RG: Absolutely. And I think it comes down to the intention and the ethos that you have with the brands and projects you run as well. That has a ripple effect with how consumers or people who interact with your work think about these similar concepts!

NT: Absolutely.

RG: Do common ideas run through the various media you work in?

NT: I try to embrace the environment I’m in or what I’m interested in at the time to constantly be open to change. But I keep coming back to the ability to constantly learn. I went back to teach at UW for a time, and even as a teacher you have to learn from the people you’re teaching. That’s how you’re going to grow: being able to constantly learn and adapt. This past year is a perfect example with the pandemic. A lot of people are still struggling, but it helped open people’s eyes to social injustice or injustice to the environment. It’s great to see some of that stuff be brought to the forefront.

RG: I’ve struggled to keep that “classroom” open during the pandemic because a lot of my work revolved around meeting with other people and getting to hear what they were working on. Not having that made it really tough to keep that same growth mindset. It’s nice to have that balance of spending enough time with an idea before bringing it to someone else. I think it’s taught a lot of us how we can create environments to be more creative even if it’s not in person.

NT: This past year was really tough to remain creative and have that creative drive. Especially when you’re not around other creative people. That’s why I think school is important because you’re surrounded by a lot of other like-minded people. You feed off each other. It’s important to constantly learn and be open to change.

RG: Growing up, did you always want to work in art?

NT: I was always interested in arts, whether it was drawing or skateboarding. I loved skateboard graphics, the zines that came with it. I loved going to all the record stores to look at record covers. Being exposed to Fall Out Records back in the day on Capitol Hill, that was stepping into a whole genre of concept stores. As a kid, you walk in and are immediately exposed to music, clothing, skateboards, how people would dress, and it was all subconsciously taking me on a new path. I drew a lot of inspiration from that. I was then trying to figure out how I could fuel that creative energy into something that would be from a more practical or sustainable side, which was how I landed on architecture. But then the reality of it was that I don’t think it would have made me as happy as what I’m doing now.

RG: How important is art in the context of what’s going on in the world?

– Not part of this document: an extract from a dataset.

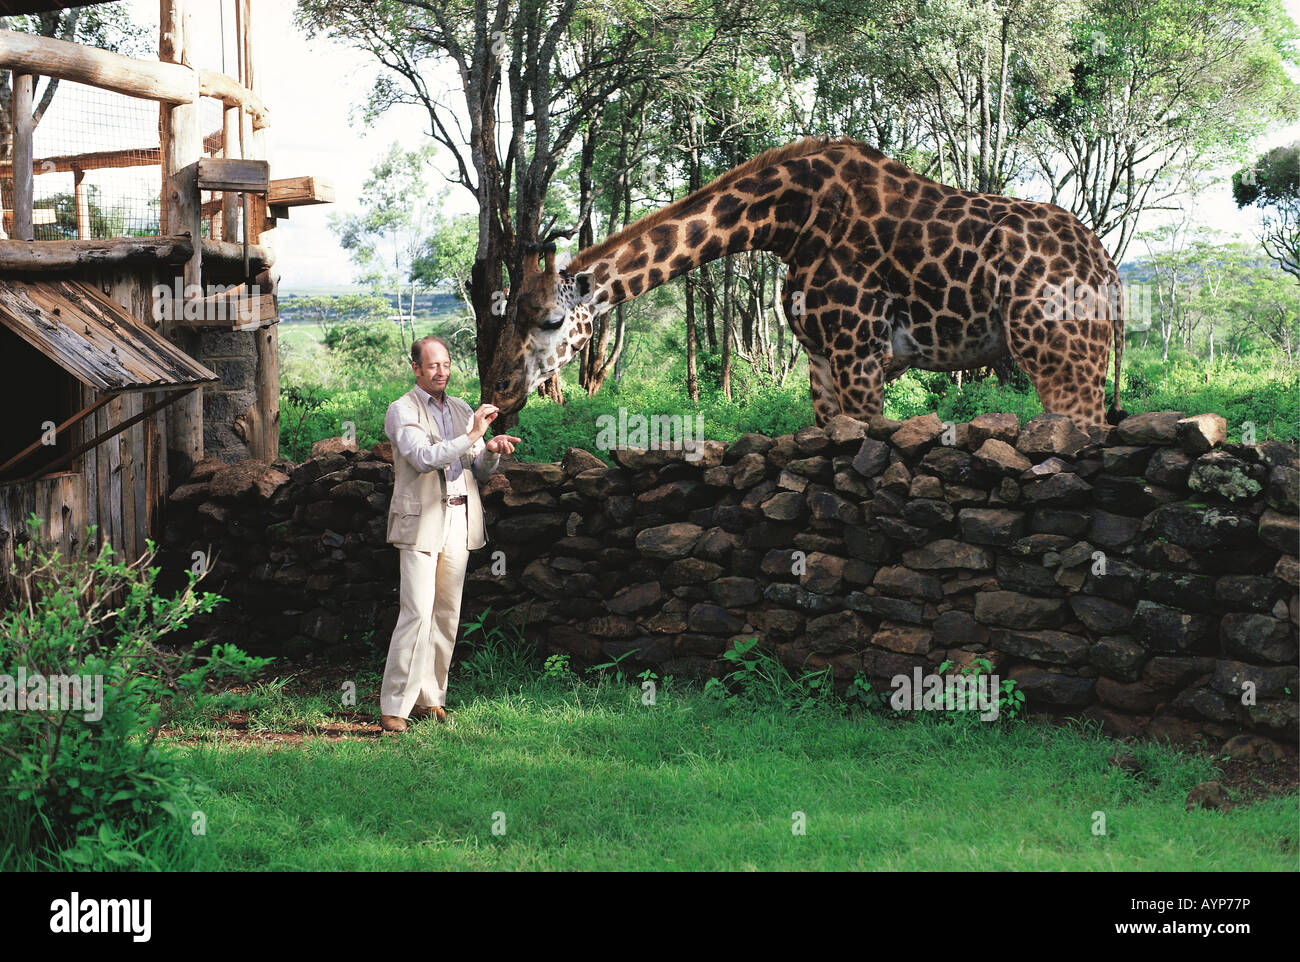 White tour guide man in safari suit feeding Rothschild s giraffe with cattle pellets at Giraffe Manor Nairobi Kenya East Africa Stock Photo

NT: It’s really important, whether it’s through writing or drawing or any kind of art. Cave drawings, if you think about it, were a mode of communication or recording, but someone had to creatively think or invent that way of capturing that moment. That’s just as creative as someone nowadays who is writing great poetry, for instance. Ocean Vuong is a perfect example of someone who creates art that is so relevant with what’s happening in the world. I find him incredibly creative because English isn’t his first language. He actually thinks about each word he’s going to use to creatively construct more meaning in each sentence. Art is forever going to be important because humans will always need ways to express ourselves.